Conventional PCI and PCI-X computer slots have four supply voltages available: +12, +5, +3.3, and 12 V. PCI and PCI-X cards rely on +5 V and +3.3 V for most of the power and are limited to 500 mA of load current on the +12-V supply. This standard was defined when the majority of digital ICs operated from +5- or +3.3-V power.
But today's high-speed chips operate from +2.5 V, +1.8 V, or even lower supply voltages. Therefore, many PCI and PCI-X cards contain step-down converters to generate these lower-voltage supplies. The newly standardized PCI Express computer bus has only two supply voltages, +12 V and +3.3 V, and the standard allows for up to 5.5 A from the +12-V supply to drive dc-dc converters.
PCI hot-plug power ICs, such as the TPS2340, TPS2341, and TPS2342, contain power FETs for +12 V. But these power FETs are limited to 500 mA. Using the simple circuit shown in the figure, you can boost the drive from these power ICs and maintain current limiting.
In this circuit, the power FET for +12 V in the hot-plug power IC isn't used. Instead, the gate drive to that power FET is used to drive an external power FET (Q1). A current-sensing resistor (RSENSE), combined with a low-cost PNP transistor array (U1), senses load current and drives an unused current-sense channel of the power IC.
Because the base-emitter voltages of the two PNP transistors in U1 are close in value, the voltage dropped across RSENSE is replicated across R1. This produces current in the left transistor of U1 approximately equal to:
IE = (ILOAD × RSENSE)/R1
The current produces a voltage drop across the current-sense inputs of U2 (5VSx and 5VISx) approximately equal to:
V5VSx 5VISx = (R3 × ILOAD × RSENSE)/R1
With the values shown, this circuit will limit +12-V load current to approximately 5.1 A, which allows for 3 A of inrush current in an eight-lane PCI Express slot.

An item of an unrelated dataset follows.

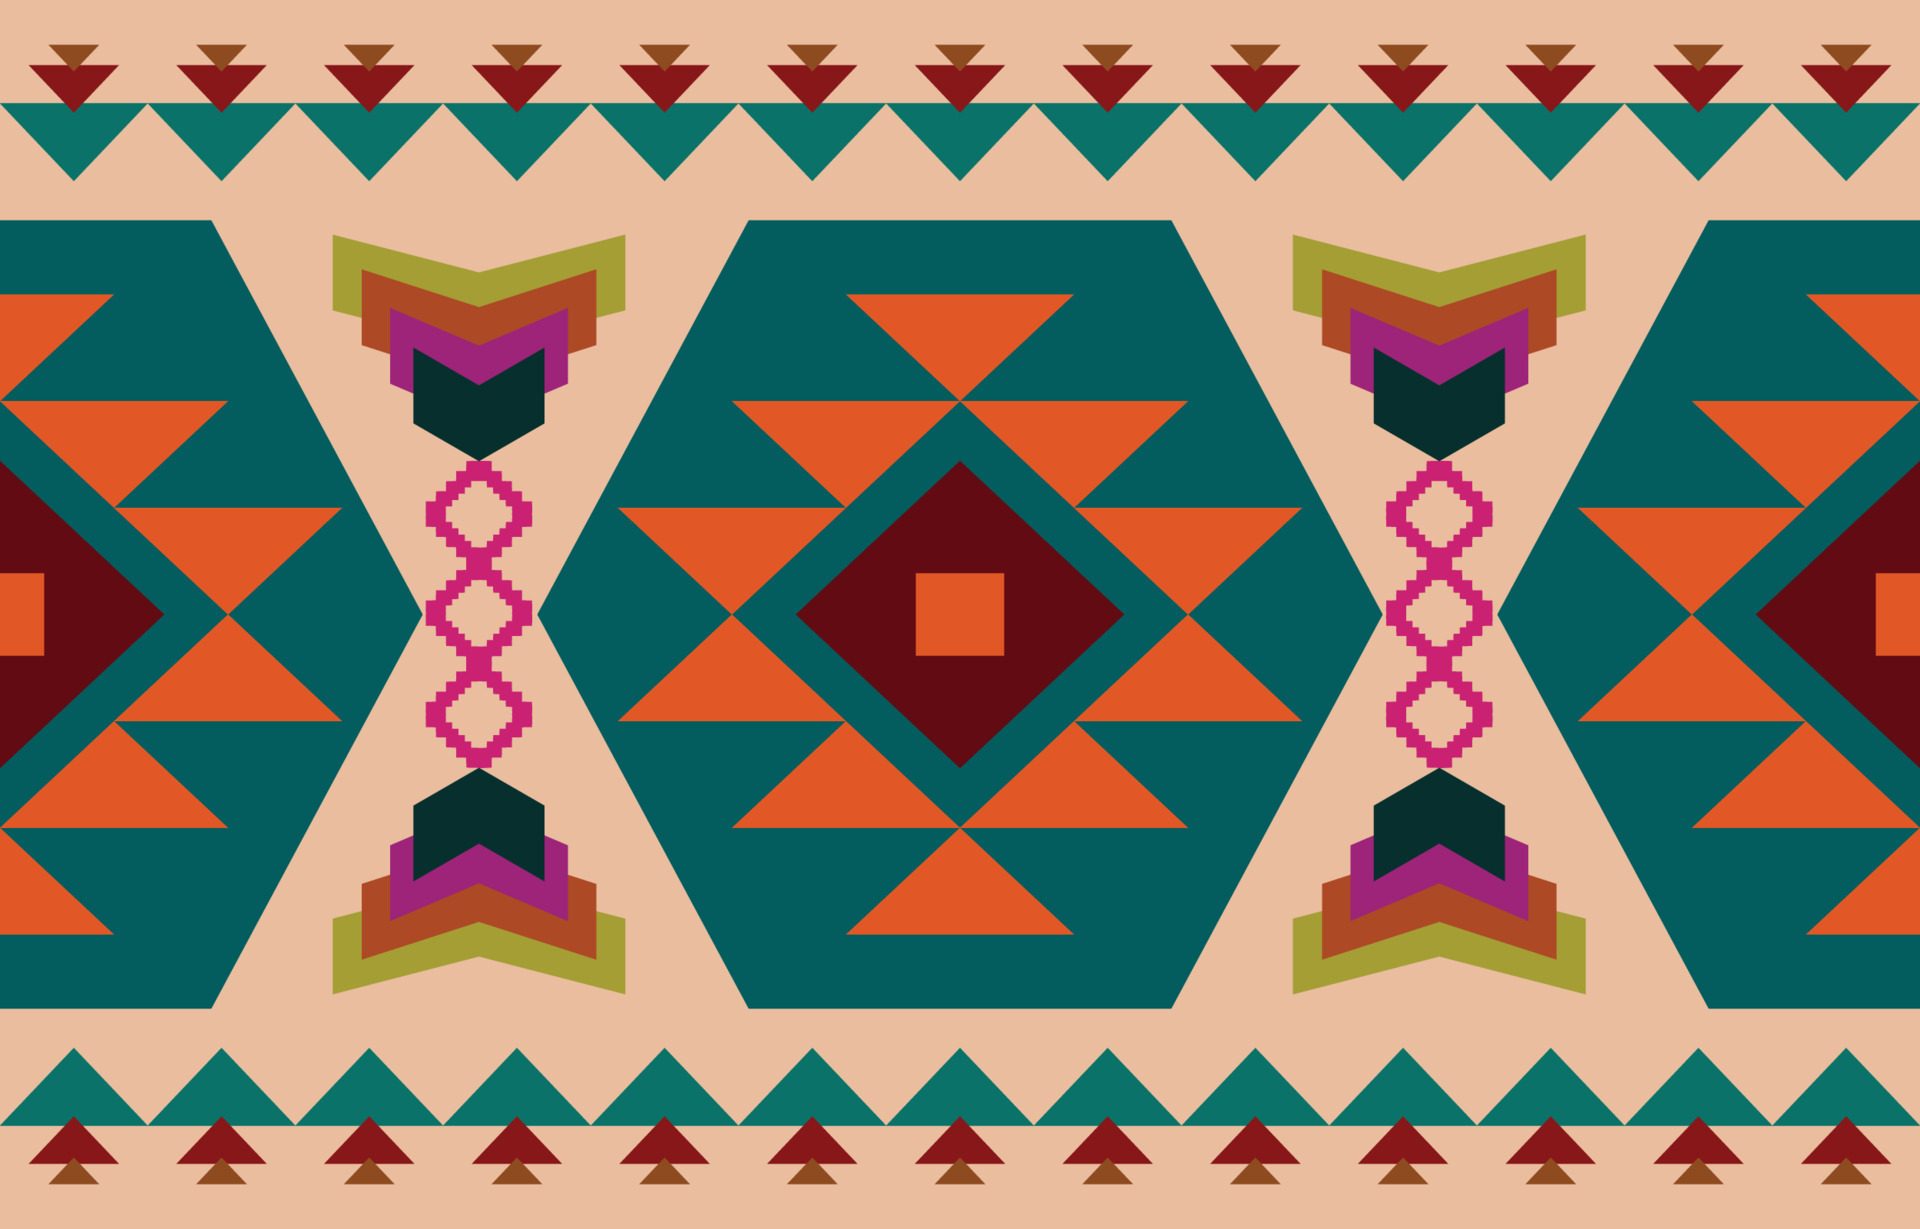 Mẫu vải Navajo bản địa đang trở thành một xu hướng thịnh hành. Với sự dệt với những sợi len mịn màng và hình ảnh đa dạng, mẫu vải Navajo vô cùng phong phú và ấn tượng. Hãy xem hình ảnh để thấy vẻ đẹp của mẫu vải Navajo bản địa.

As an added benefit, this circuit senses the +12-V load voltage and will shut down the slot if load voltage drops out of tolerance while the slot is operating. The exact slot shutdown voltage is determined by R4, R5, and the 5VISx threshold of U2 and is approximately:
VSD = 4.65 × \[1 + (R5/R4)\]
With the values shown, this circuit will shut down if the +12-V load voltage drops below approximately 10 V while the slot is powered.